YuanxunLu / LiveSpeechPortraits

Live Speech Portraits: Real-Time Photorealistic Talking-Head Animation (SIGGRAPH Asia 2021)
MIT License
1.16k stars 200 forks source link

about Data preprocess #9

Closed X-niper closed 2 years ago

X-niper commented 2 years ago

Impressive job!

I wonder how to preprocess the images. Specifically, could you please share the scripts on choosing the four candidate images from the sequences and how to draw the shoulder edges since the landmark detectors I have found are all face landmark detectors.

Thanks !

YuanxunLu commented 2 years ago

For the data preprocessing, please check section 4.1 in the paper. For the candidate images selection, please check section 3.4 in the paper. For the shoulder edges drawing, please also check section 4.1 in the paper. Specifically, shoulder points are not automatically detected. We manually selected once for the first frame and tracked them using optical flow. Learning-based methods, e.g., raft may work better.

Feel free to comment if you have any questions.
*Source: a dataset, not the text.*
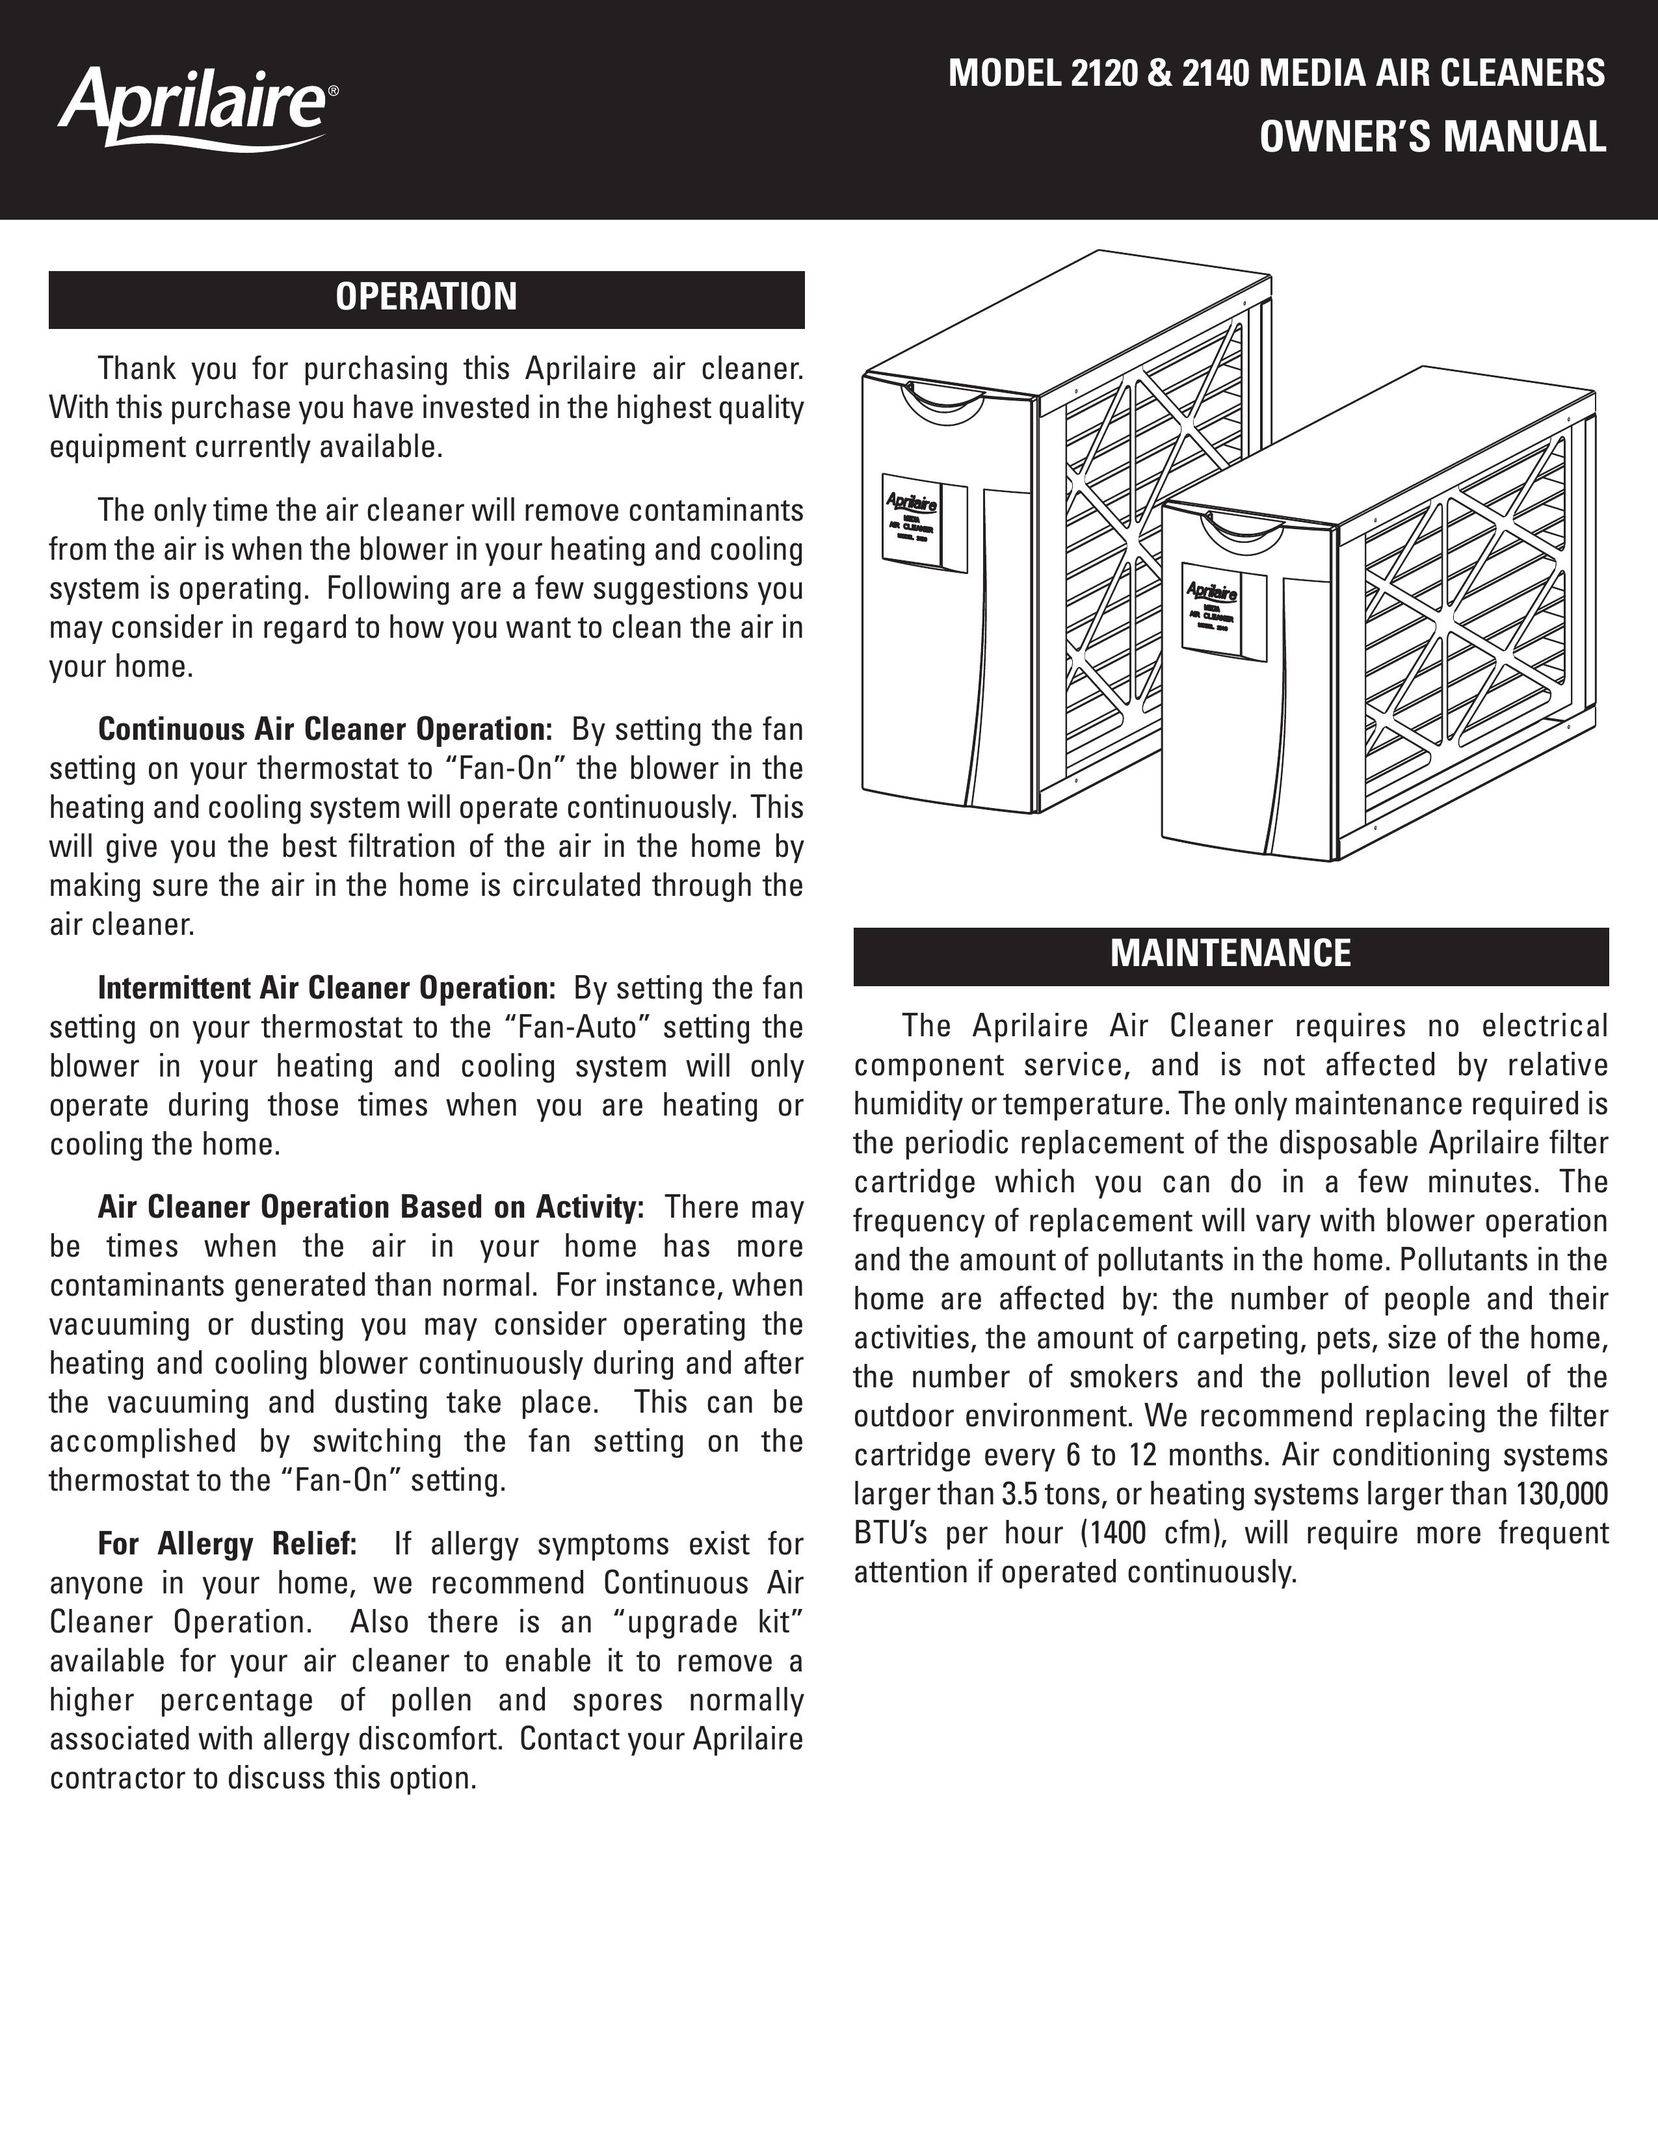 Aprilaire 2120 Air Cleaner User Manual

DWCTOD commented 2 years ago

For the data preprocessing, please check section 4.1 in the paper. For the candidate images selection, please check section 3.4 in the paper. For the shoulder edges drawing, please also check section 4.1 in the paper. Specifically, shoulder points are not automatically detected. We manually selected once for the first frame and tracked them using optical flow. Learning-based methods, e.g., raft may work better.

Feel free to comment if you have any questions.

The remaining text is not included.